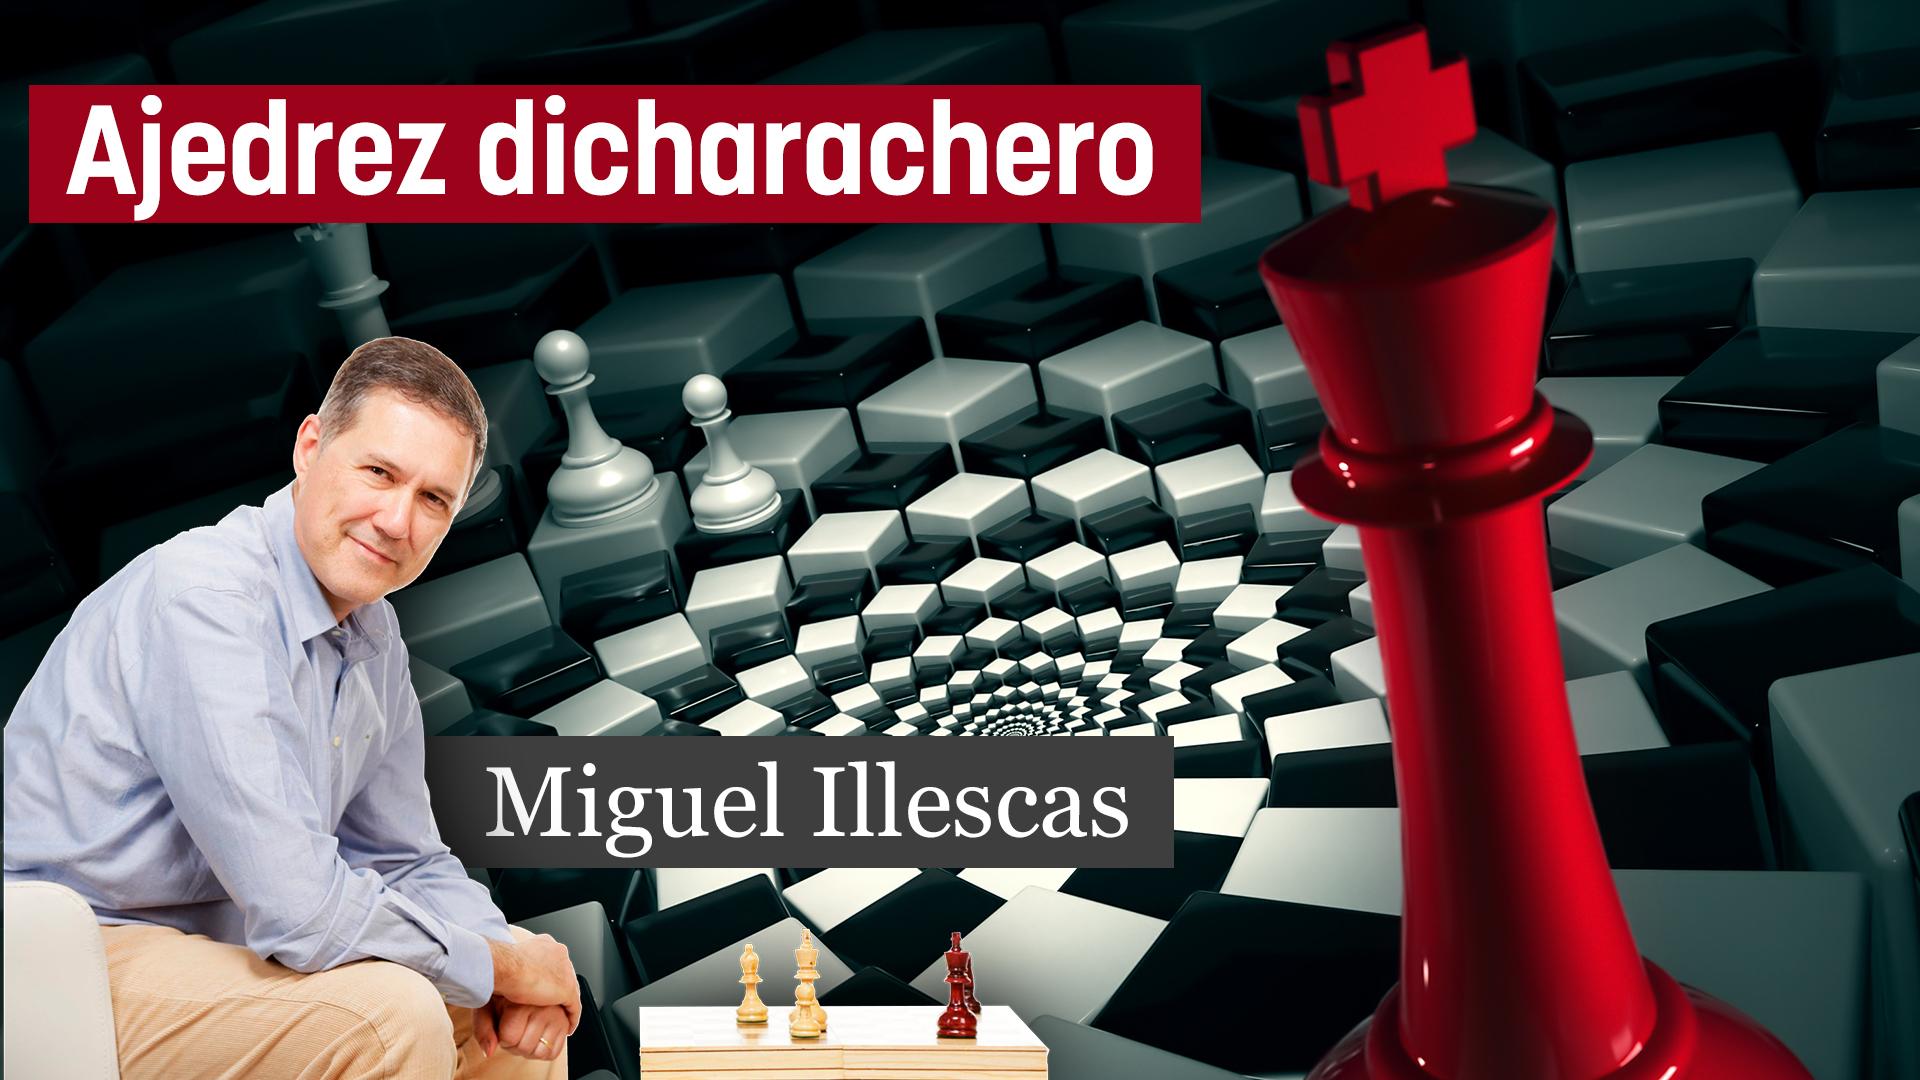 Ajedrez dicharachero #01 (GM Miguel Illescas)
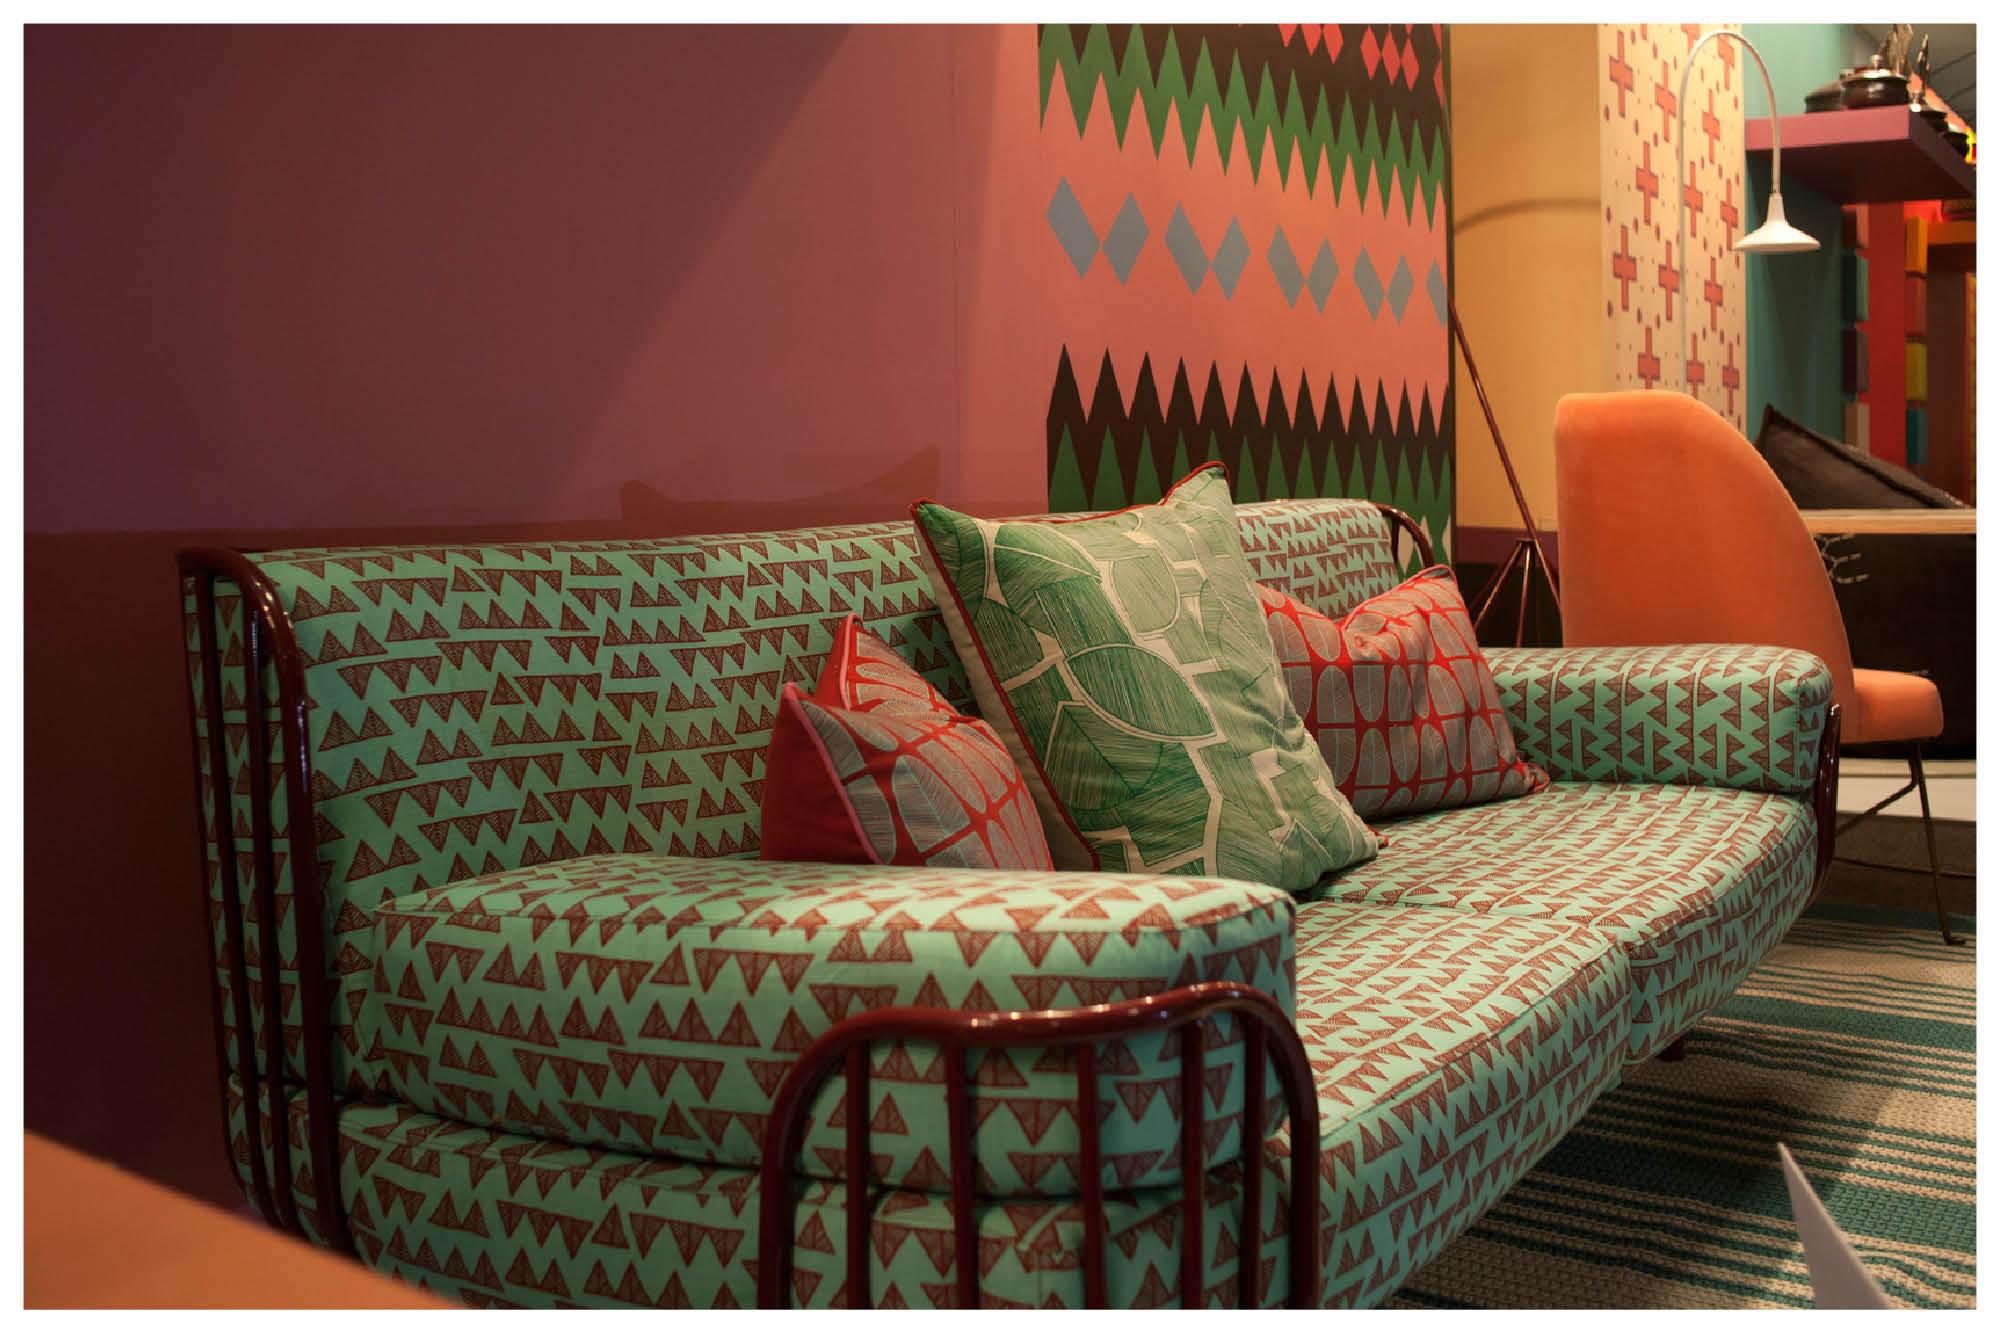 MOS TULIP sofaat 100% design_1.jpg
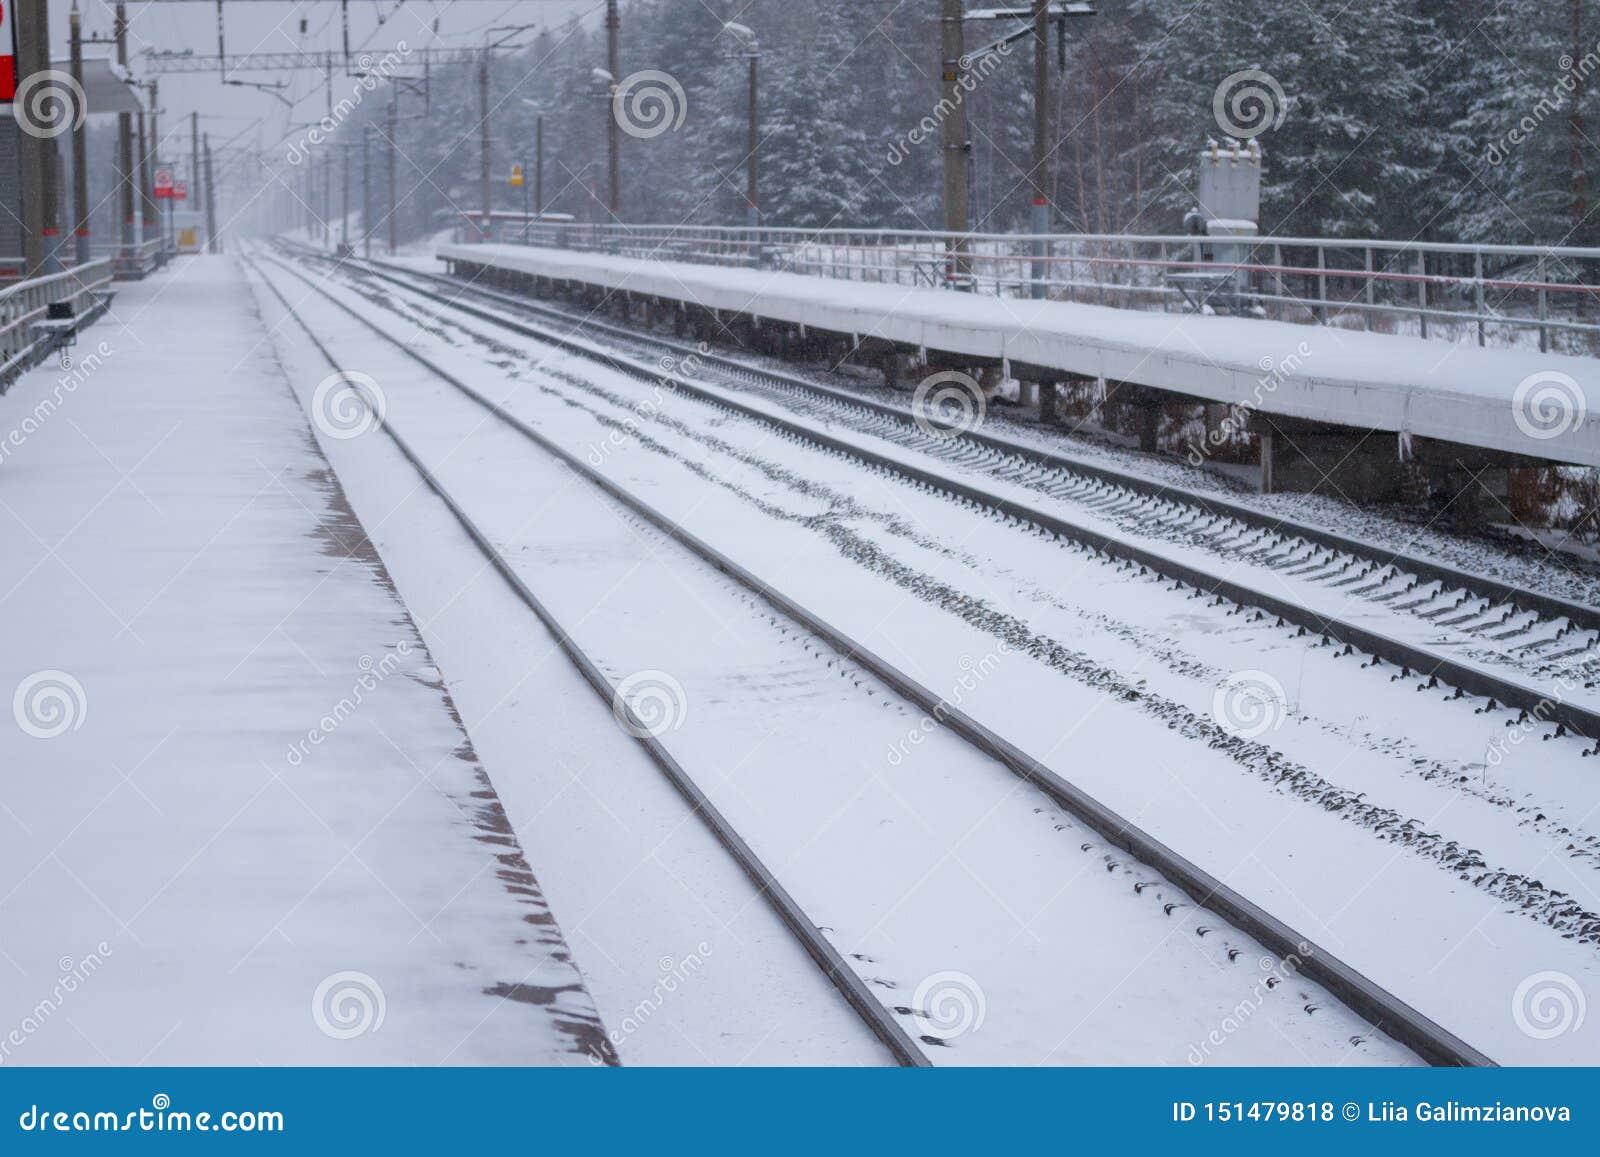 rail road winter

- [Exercise]: Restate every line above word for word. Do not carry over the images.

- [The answer]:
 Ajedrez dicharachero #01 (GM Miguel Illescas)
 MOS TULIP sofaat 100% design_1.jpg
 rail road winter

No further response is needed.